Hmm... Mitsuko, I guess. Also, once you start playing, YOU WILL GET SUCKED IN. I have 500 hours of play on RF4 and nearly 700 on ACNL. That should tell you something. (Then again, I've played over 10 files of RF4 of varying lengths...)


----------



## KarlaKGB (Dec 15, 2015)

manlet

cuz he looks like a girl

#triggered


----------



## Munna (Dec 15, 2015)

TheEchoTimes said:


> Hmm... Mitsuko, I guess. Also, once you start playing, YOU WILL GET SUCKED IN. I have 500 hours of play on RF4 and nearly 700 on ACNL. That should tell you something. (Then again, I've played over 10 files of RF4 of varying lengths...)



That's good to know! 

I still haven't started because things came up (like crippling insomnia where I'm too tired to play...but still can't sleep.....)


----------



## TheEchoTimes (Dec 15, 2015)

Munna said:


> That's good to know!
> 
> I still haven't started because things came up (like crippling insomnia where I'm too tired to play...but still can't sleep.....)

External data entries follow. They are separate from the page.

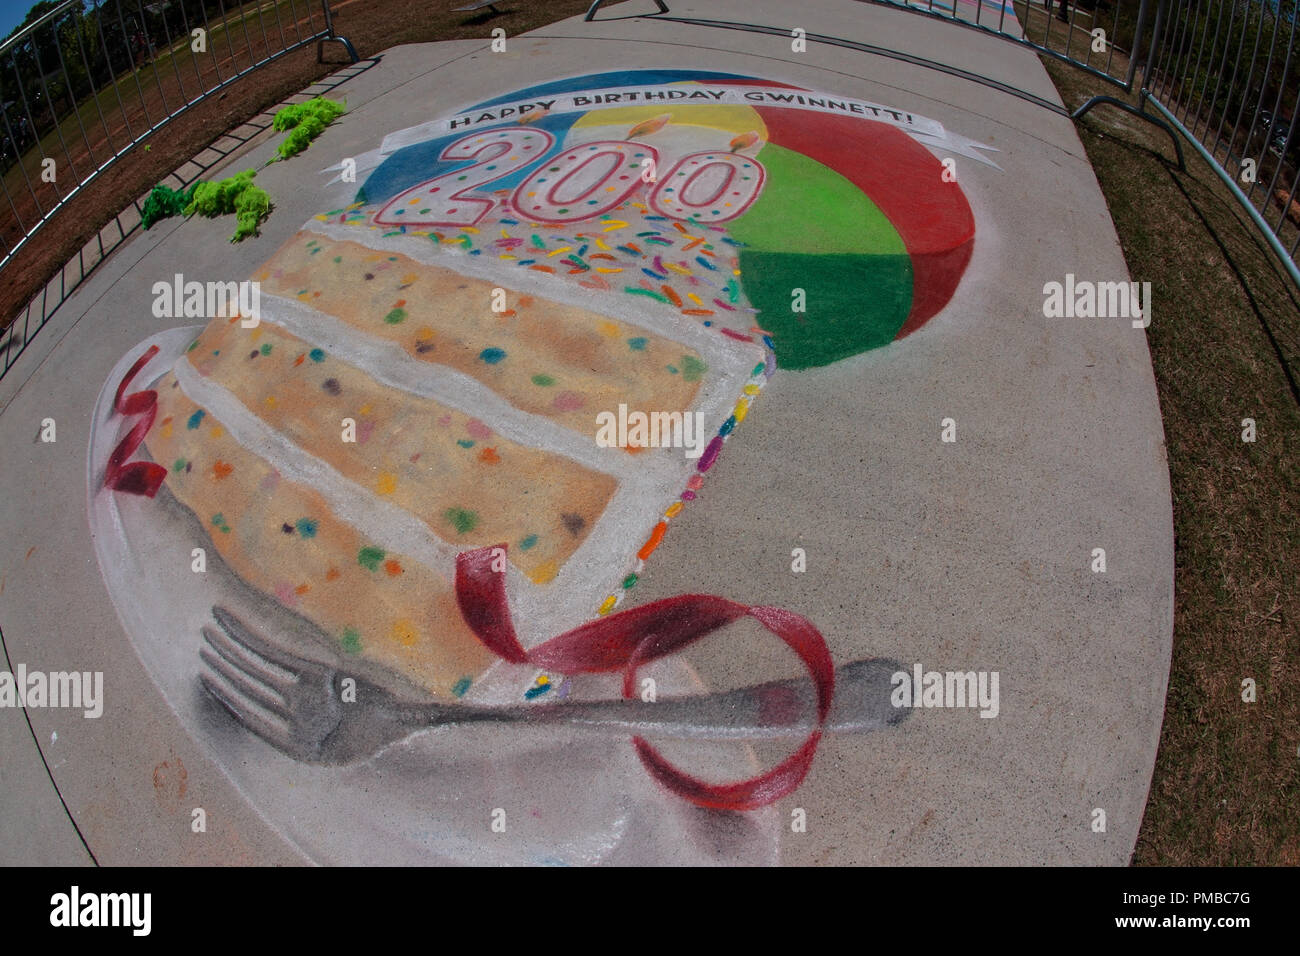 Chalk art covers part of a sidewalk at a public park at the Lawrenceville Arts Fest on April 28, 2018 in Lawrenceville, GA. Stock Photo
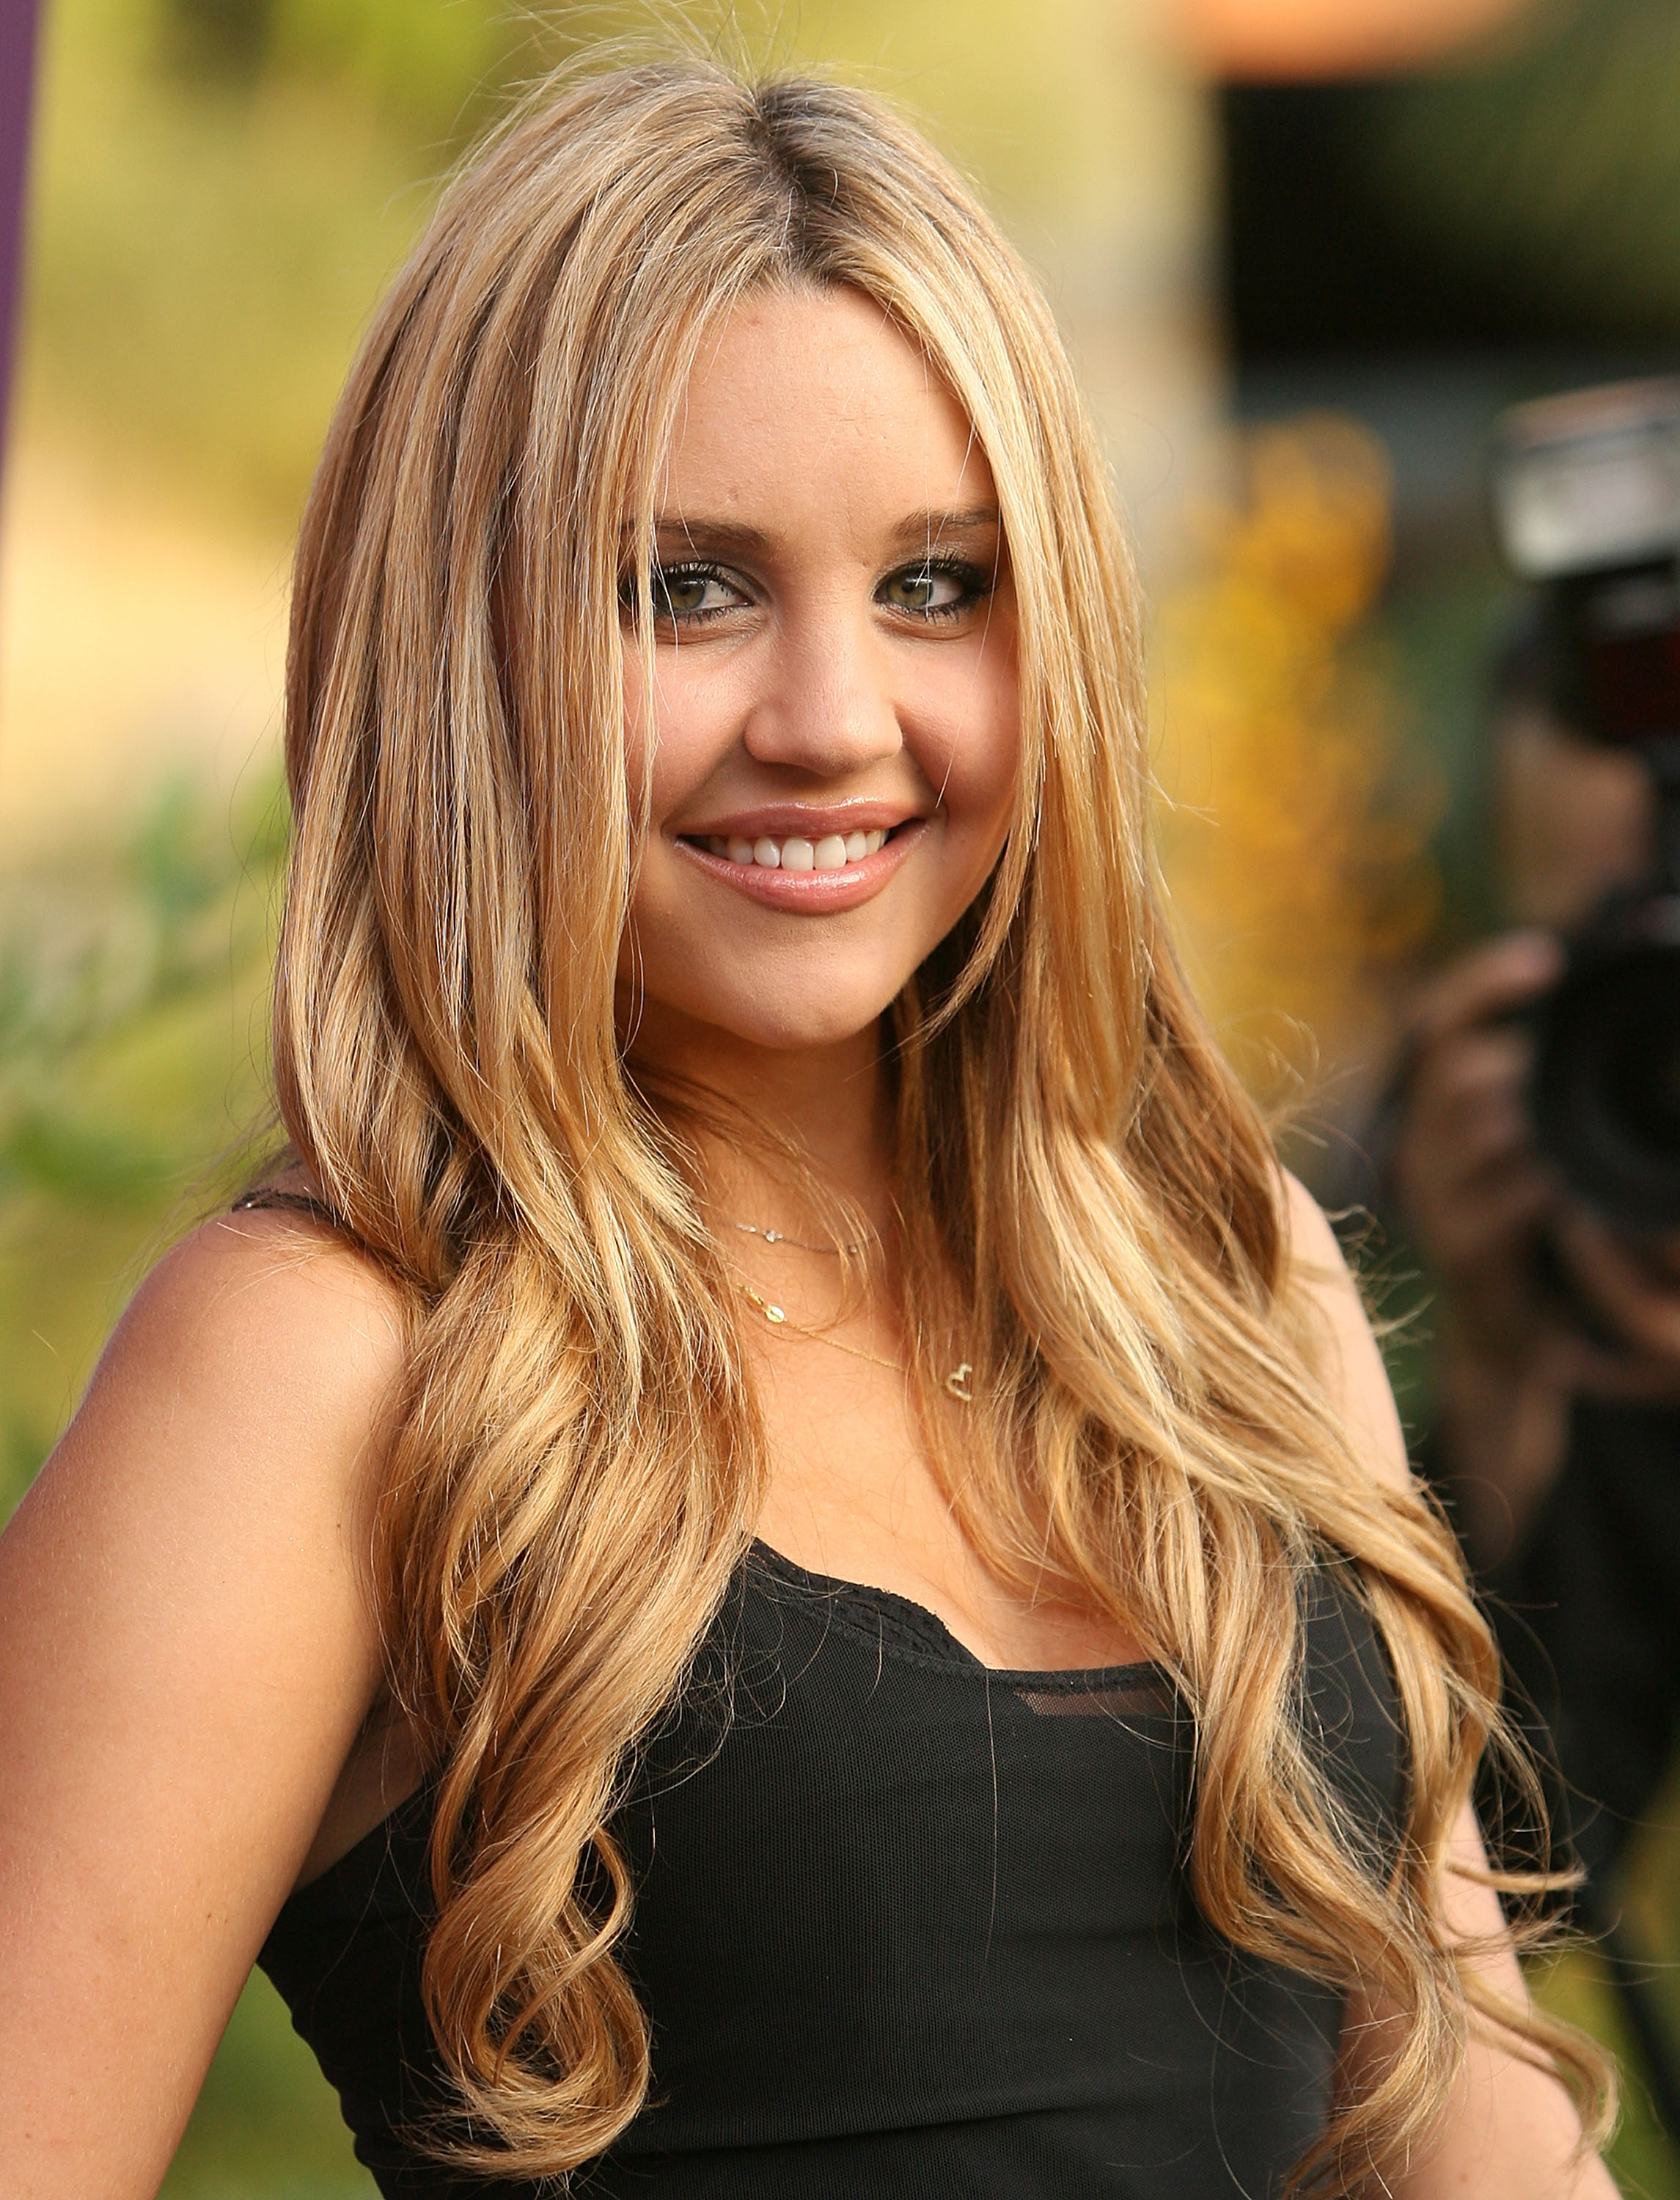 Amanda Bynes at the 8th Annual Chrysalis Butterfly Ball on June 6, 2009, in Los Angeles, California | Source: Getty Images
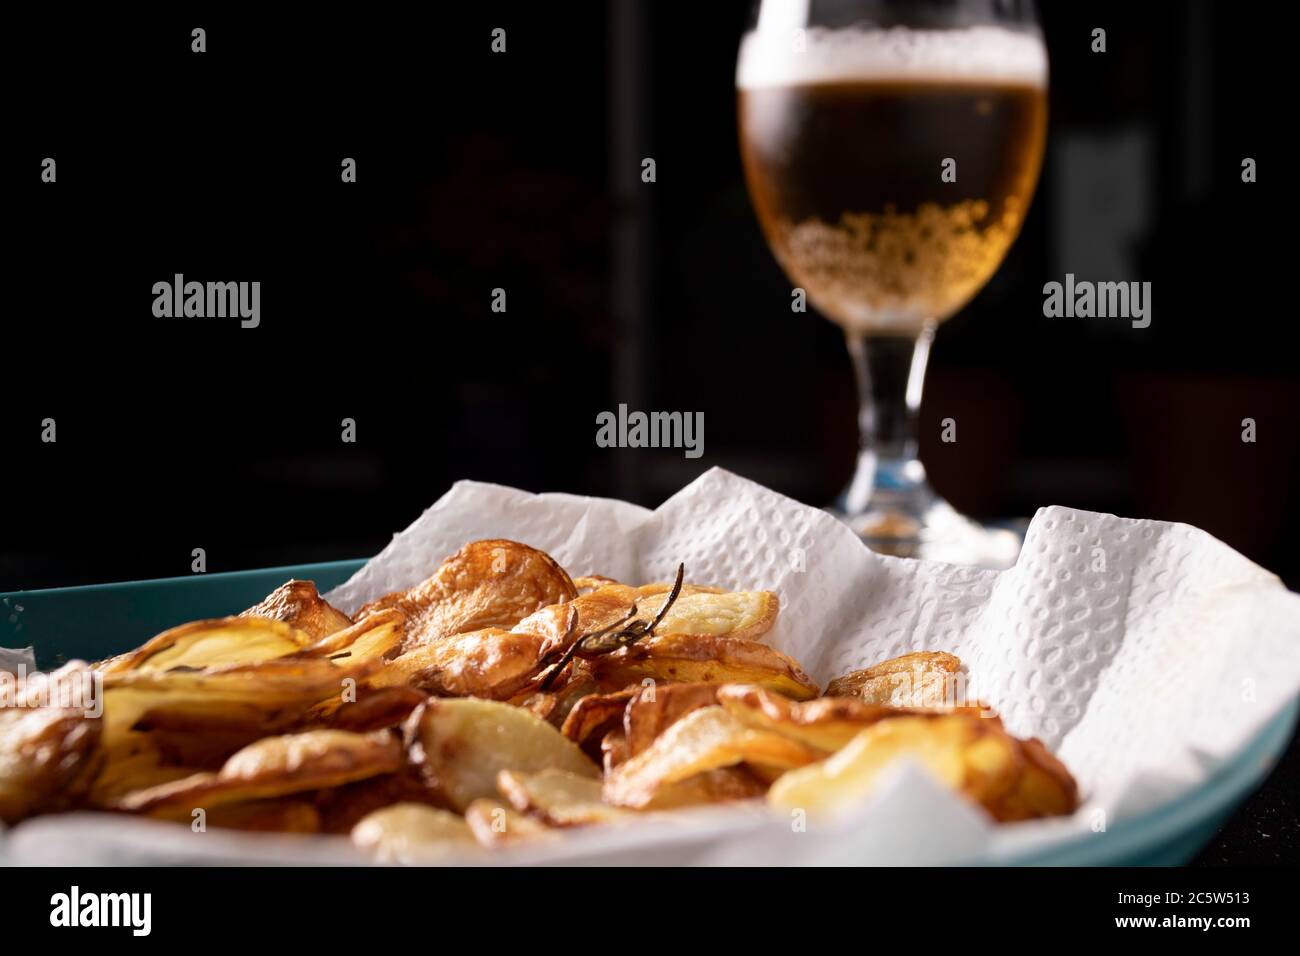 french fries with beer Stock Photo
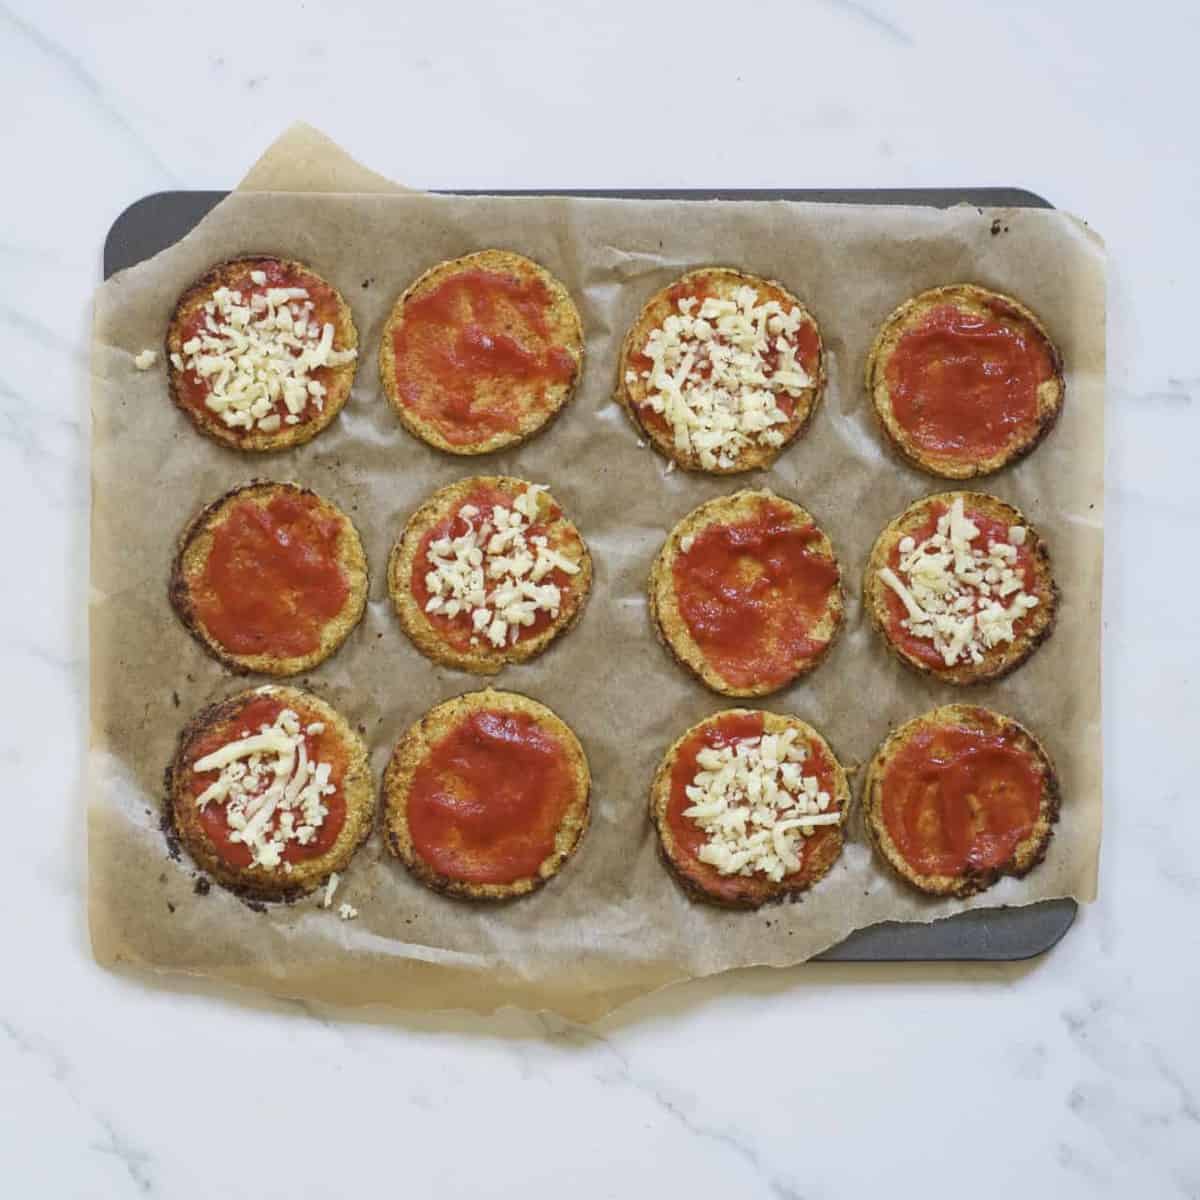 Baked mimi pizzas topped with tomato sauce and some with cheese on a baking tray

I know a lot about the game- almost everything, except for the fact that I've never beat the 3rd arc in all my hours of play. If you wanna shoot me up with any questions, feel free! I can probably help you out.
Also, I've never suffered from insomnia, but I still wish you the best of luck in dealing with it...


----------



## Munna (Dec 16, 2015)

TheEchoTimes said:


> I know a lot about the game- almost everything, except for the fact that I've never beat the 3rd arc in all my hours of play. If you wanna shoot me up with any questions, feel free! I can probably help you out.
> Also, I've never suffered from insomnia, but I still wish you the best of luck in dealing with it...



That is so sweet, I look forward to sharing the enjoyment of Rune Factory with another fan!  Thanks


----------



## TheEchoTimes (Dec 16, 2015)

Munna said:


> That is so sweet, I look forward to sharing the enjoyment of Rune Factory with another fan!  Thanks


But of course! It's the least I can do. RF4 is the best game I've ever played except for maybe Red Rescue Team... Then again, I've played RF4 a LOT more than RRT.


----------



## BlueOceana (Feb 3, 2017)

I really like Fae, I'm also a big fan of Rune Factory also. I have also beat the third arc and the Sharance Maze. What you want to do to beat the third arc is to go in the Sharance maze and collect the armor and weapon recipes. Also when you beat the boss at the end of each level you get a weapon, accessory, farming. and cooking bread +. Those will teach you the recipes you can only get in the maze. But be sure your skill is high or it will just teach you a regular recipe. My weapon of choice is the fists Finner.


----------



## AWESOMEGAMER (Dec 5, 2017)

Soooo u got RF4 too


----------